The molecular mechanism underlying the export from the endoplasmic reticulum (ER) to the cell surface and its role in the regulation of signaling of adrenergic receptors (ARs) remain largely unknown. In this report, we determined the role of Rab1, a Ras-like GTPase that coordinates protein transport specifically from the ER to the Golgi, in the cell surface targeting and function of endogenous beta- and alpha1-ARs in neonatal rat ventricular myocytes. Adenovirus-driven expression of Rab1 into myocytes selectively increased the cell-surface number of alpha1-AR, but not beta-AR, whereas the dominant-negative mutant Rab1N124I significantly reduced the cell-surface expression of beta-AR and alpha1-AR. Brefeldin A inhibited beta-AR and alpha1-AR export and antagonized the Rab1 effect on alpha1-AR expression.
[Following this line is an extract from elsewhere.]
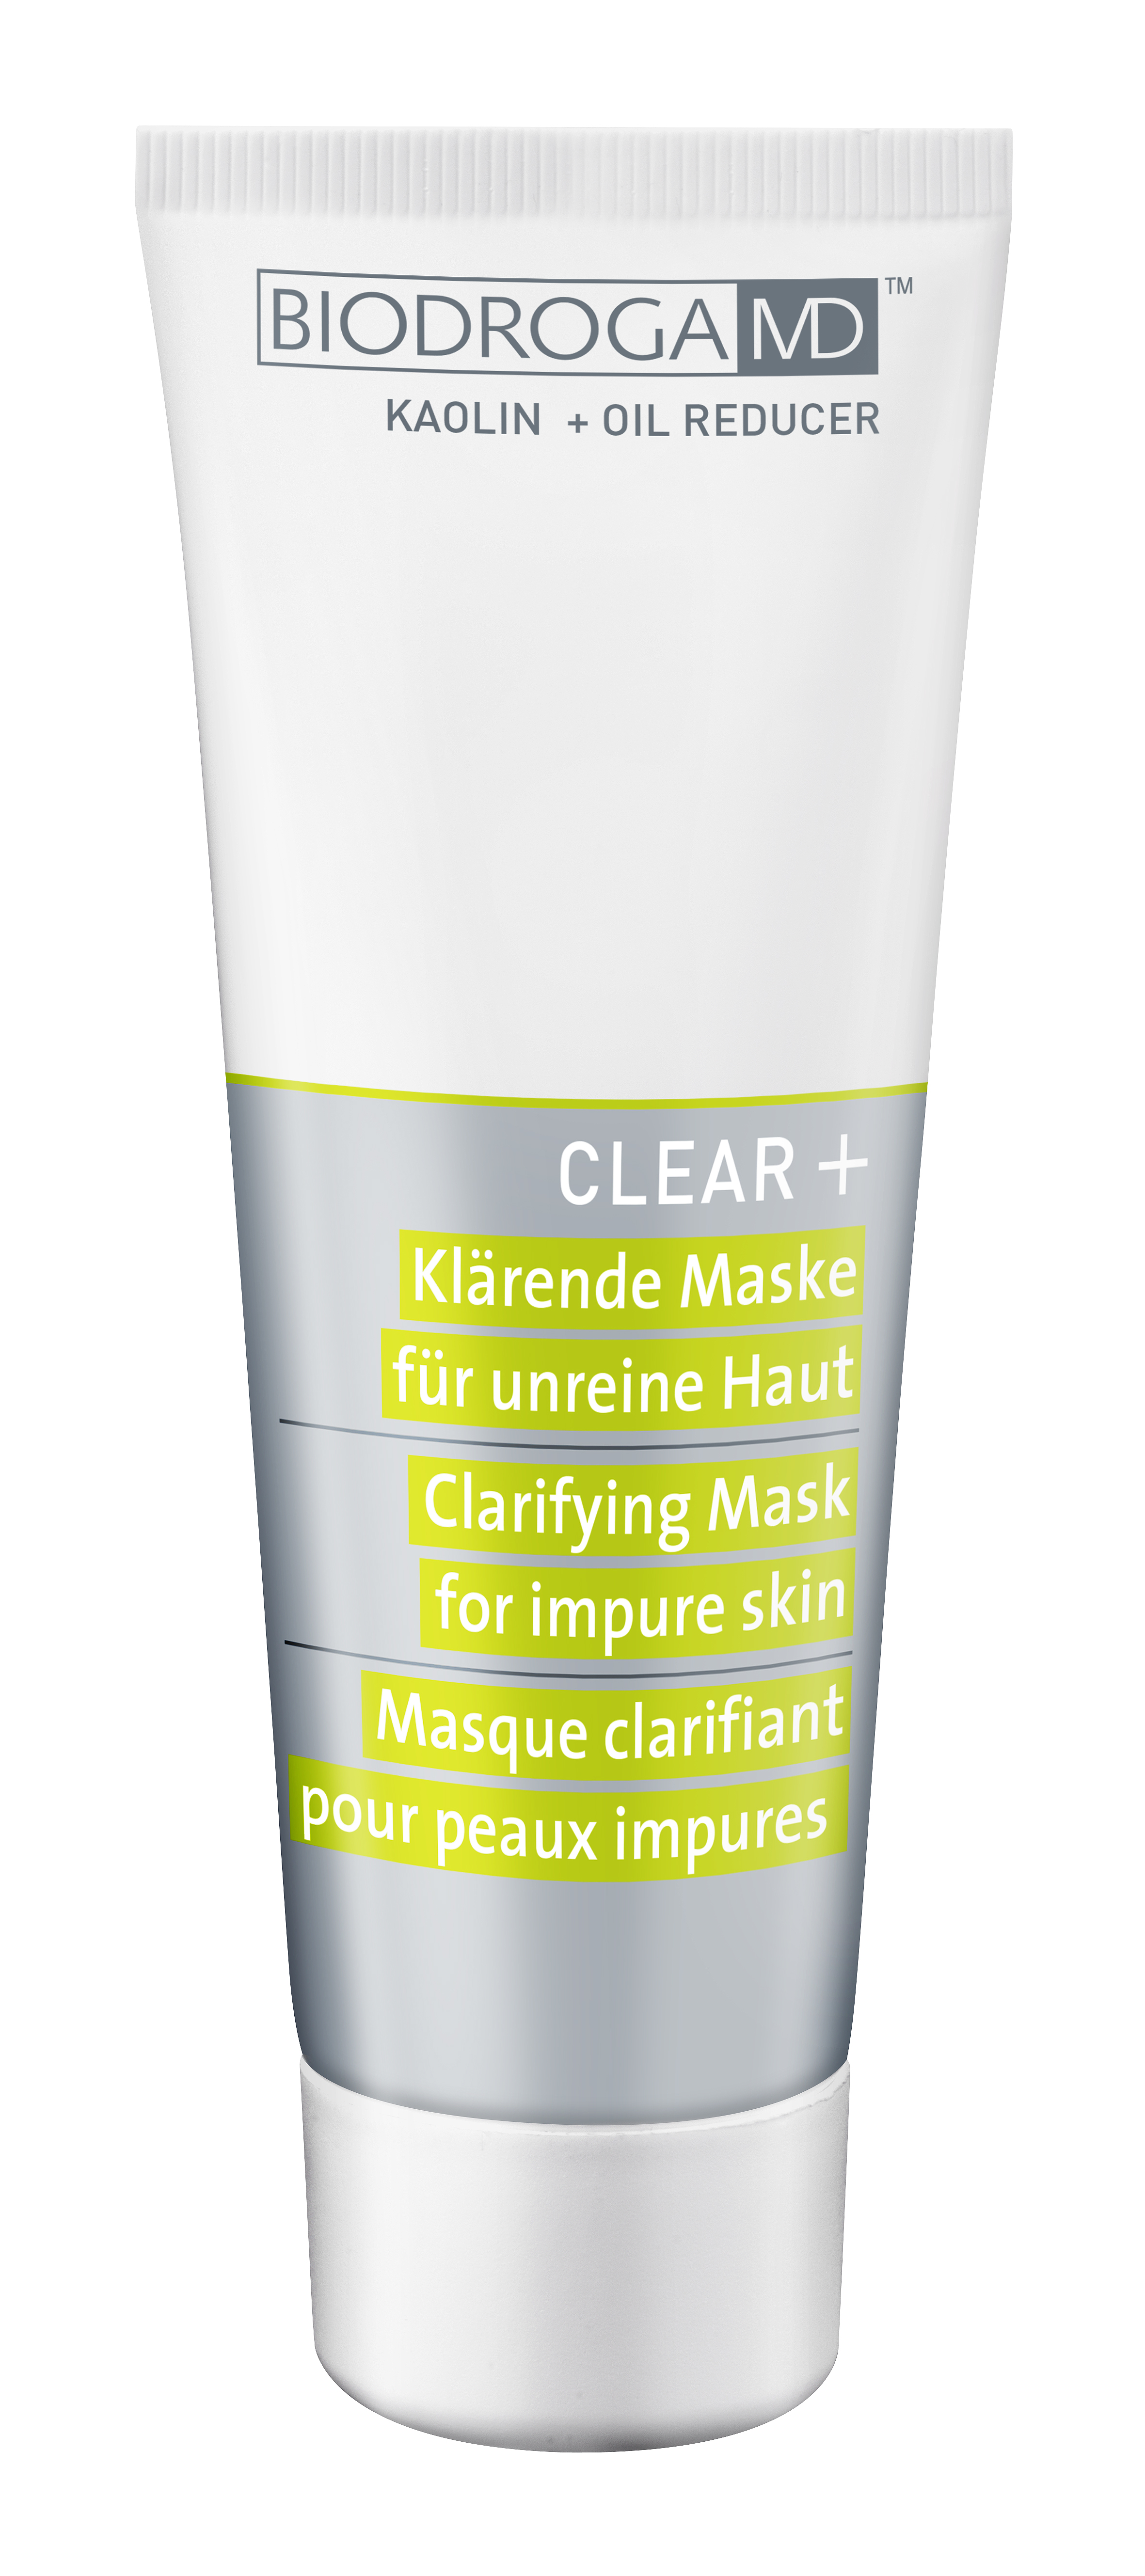 Biodroga MD Clear+ Clarifying Mask For Impure Skin 75ml

Manipulation of Rab1 function similarly influenced the transport of alpha1A- and alpha1B-ARs as well as beta1- and beta2-ARs. Fluorescent microscopy analysis demonstrated that expression of Rab1N124I and Rab1 small interfering RNA induced a marked accumulation of GFP-tagged beta2-AR and alpha1B-AR in the ER. Consistent with the effects on receptor cell-surface targeting, Rab1 selectively enhanced ERK1/2 activation and hypertrophic growth in response to the alpha1-AR agonist phenylephrine but not to the beta-AR agonist isoproterenol. Rab1N124I inhibited both agonist-mediated ERK1/2 activation and hypertrophic growth in neonatal myocytes. These results demonstrate that the cell-surface targeting and signaling of beta- and alpha1-ARs require Rab1 and are differentially modulated by augmentation of Rab1 function. Our data provide strong evidence implicating the ER-to-Golgi traffic as a site for selective manipulation of distinct AR function in cardiac myocytes.